Work to be completed » From the first line to the last, repeat the data exactly and drop the pictures.

──────── Given data ────────

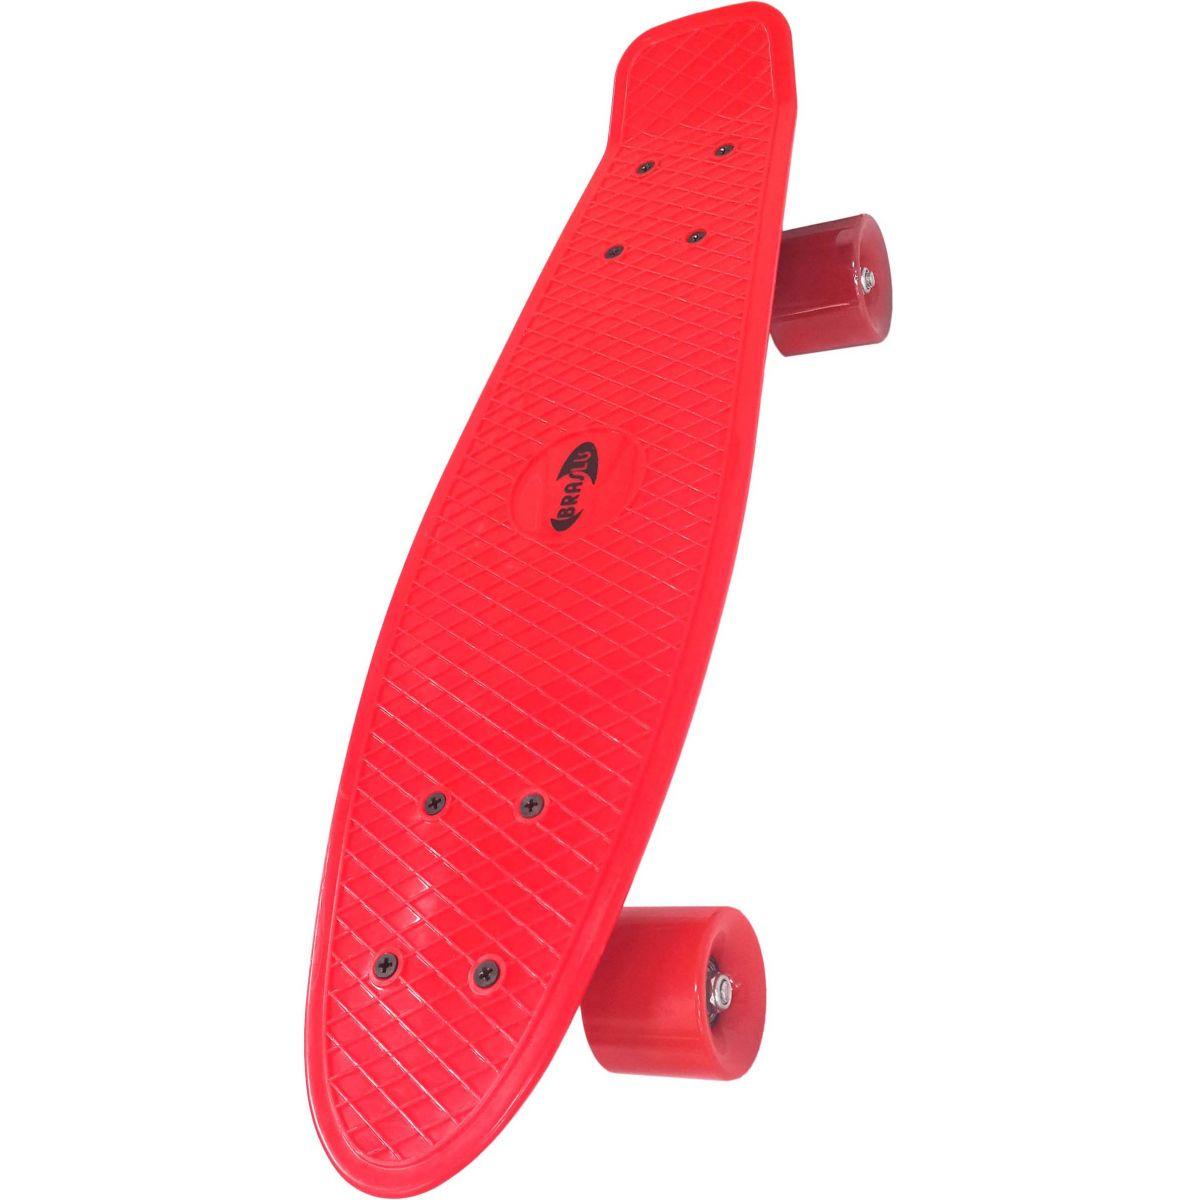 Mini Skate Profissional Com Truck Blindado Rodas Shape Abec 7 Cor Vermelho (SKT-2)
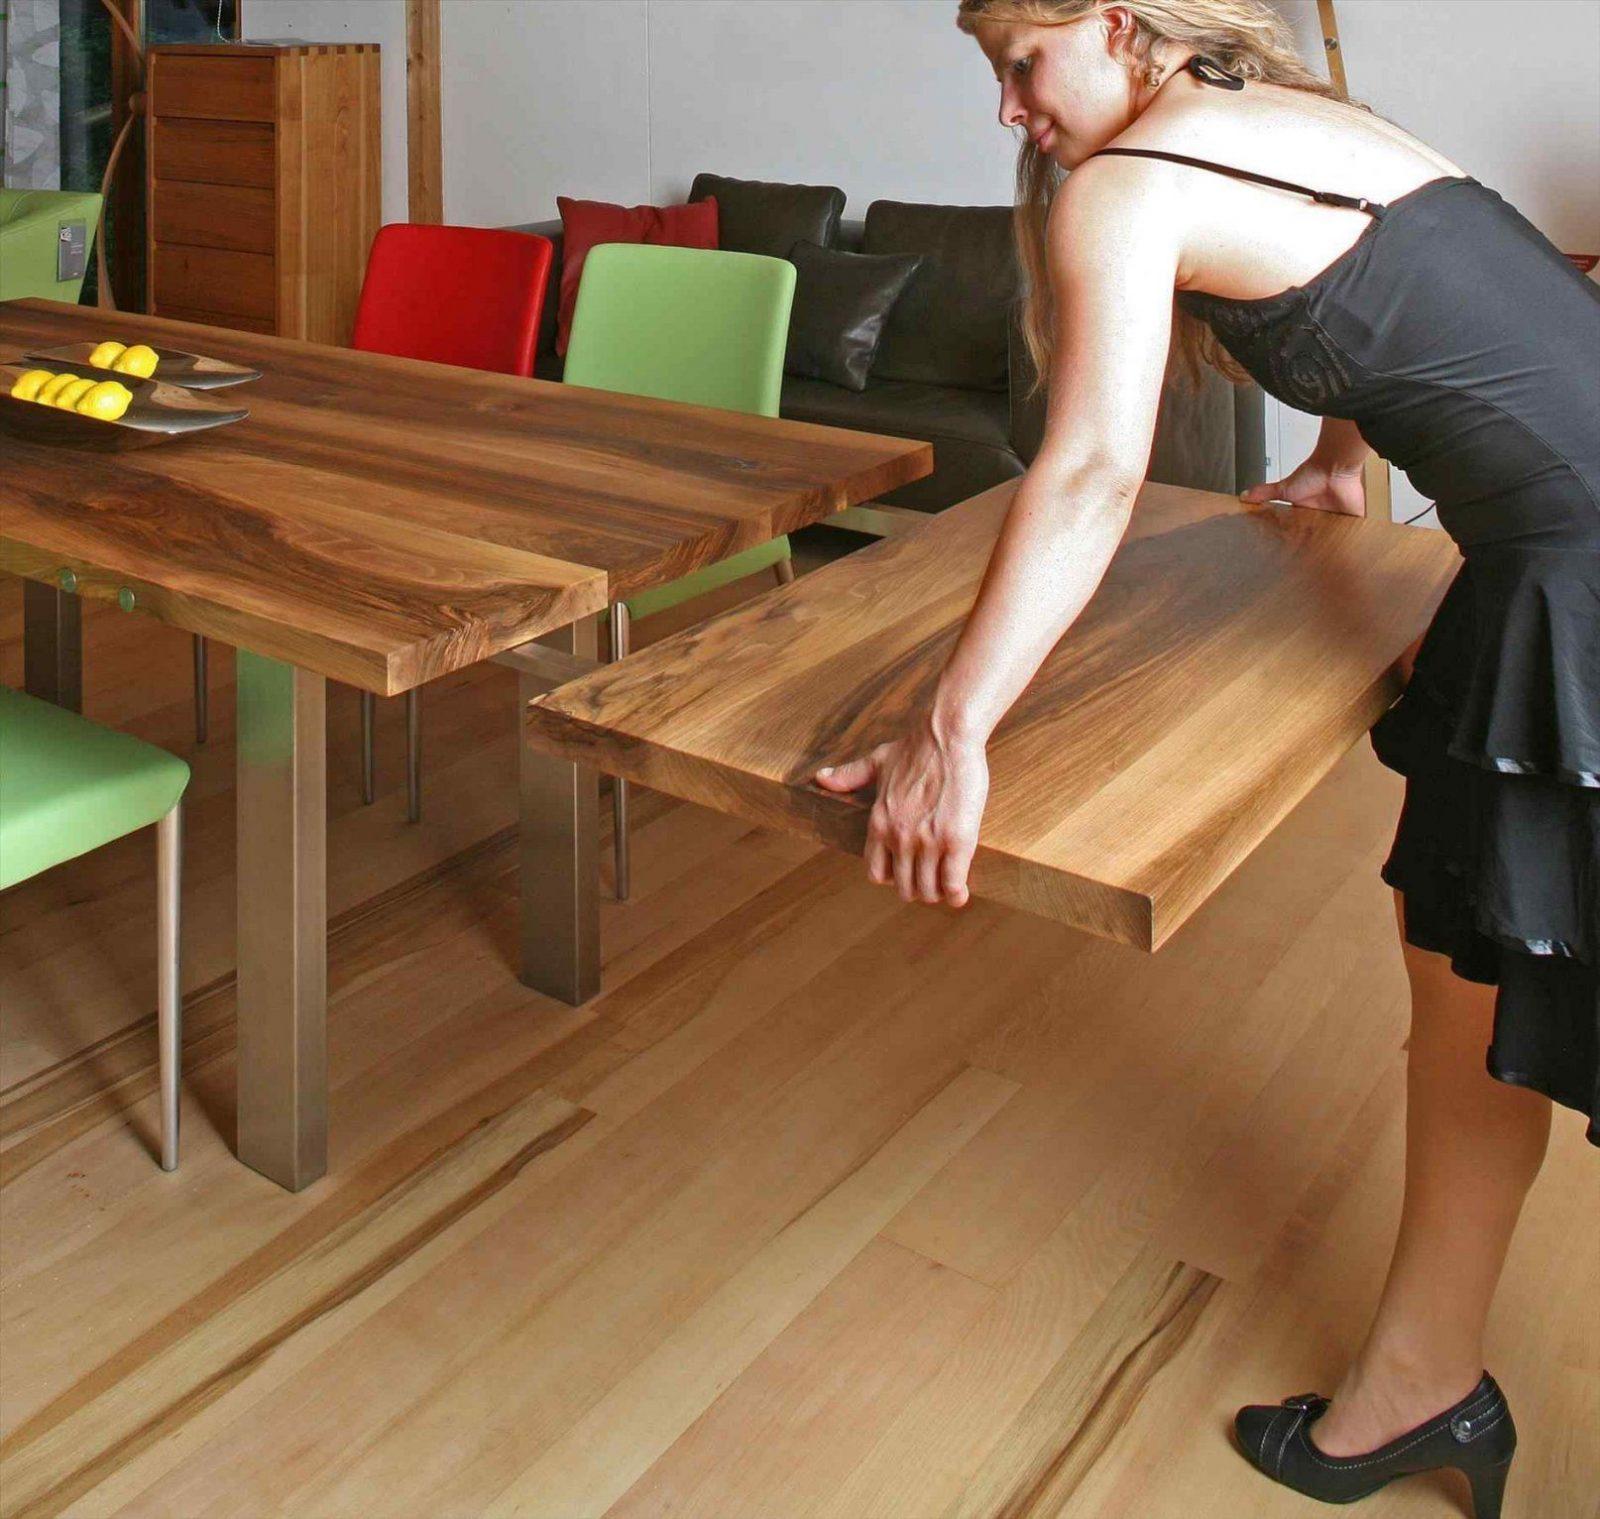 Tisch Auen Top Large Size Of Rustikal Selber Bauen Tisch Design Avec von Rustikaler Holztisch Selber Bauen Photo
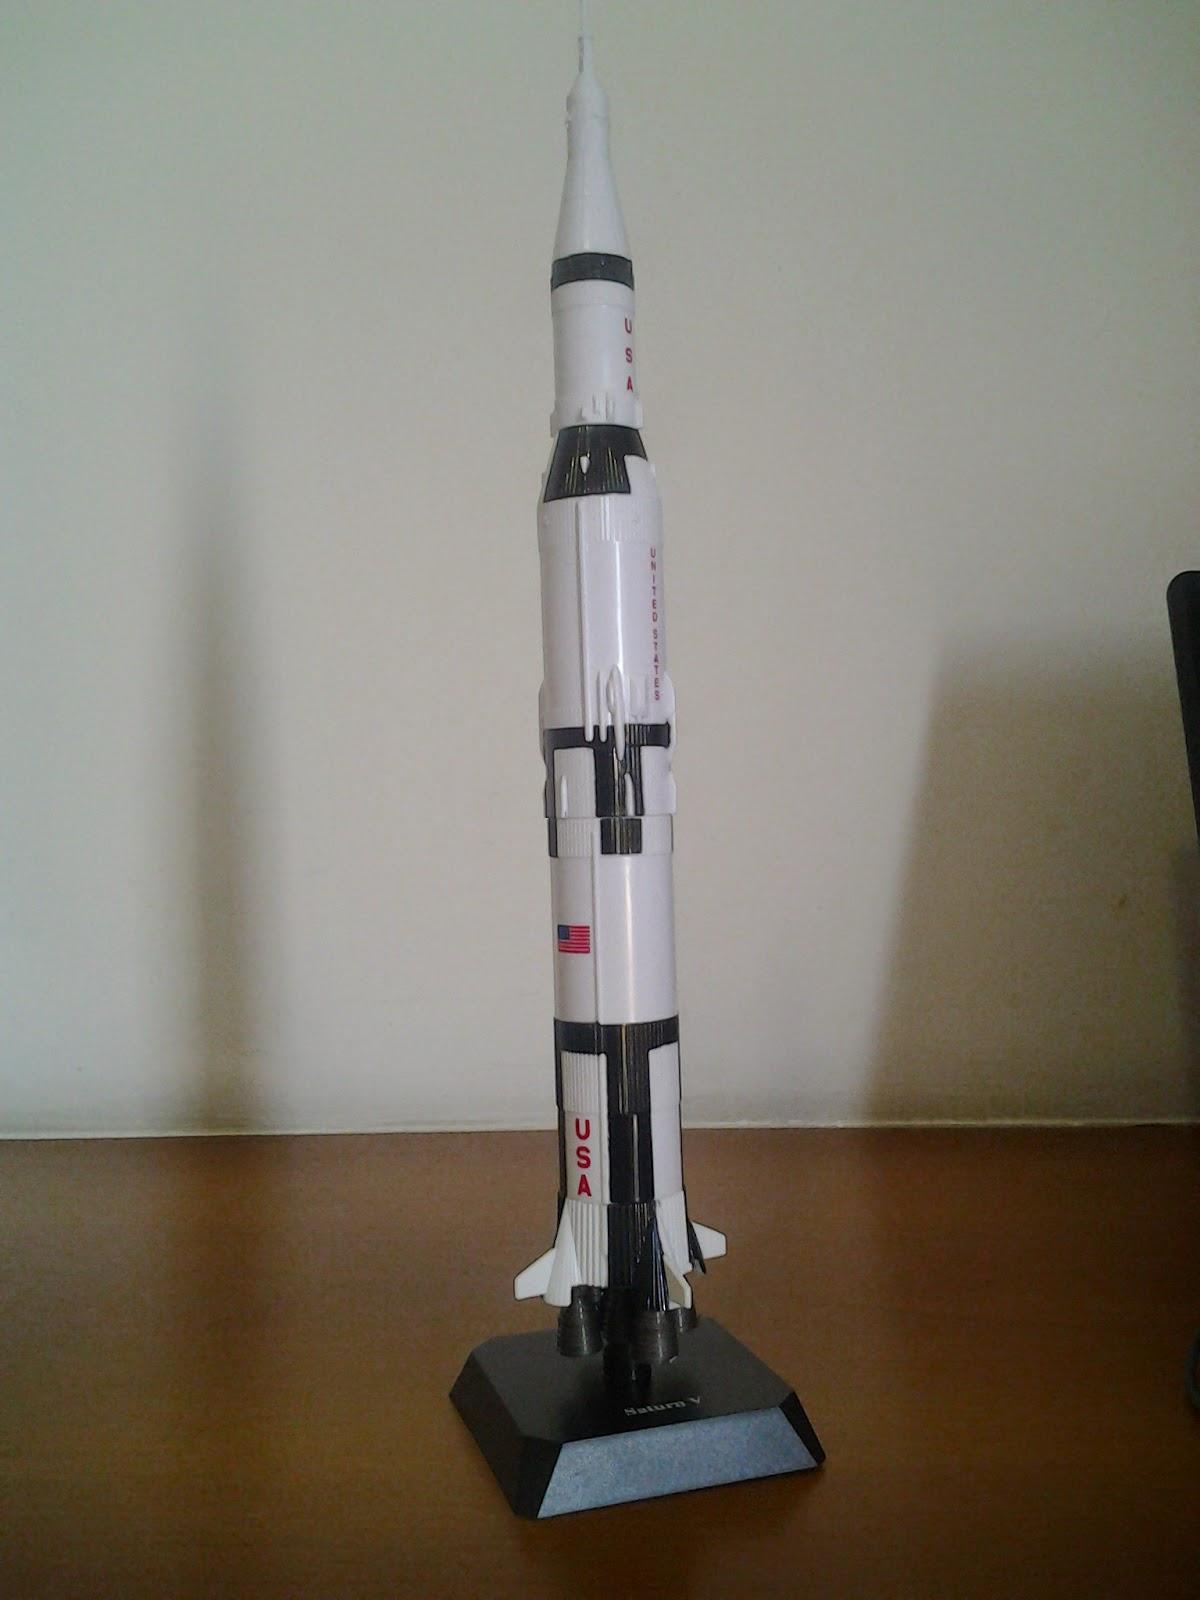 Miniatura do foguete Saturno V

────────

Response below »
 Mini Skate Profissional Com Truck Blindado Rodas Shape Abec 7 Cor Vermelho (SKT-2)
 Tisch Auen Top Large Size Of Rustikal Selber Bauen Tisch Design Avec von Rustikaler Holztisch Selber Bauen Photo
 Miniatura do foguete Saturno V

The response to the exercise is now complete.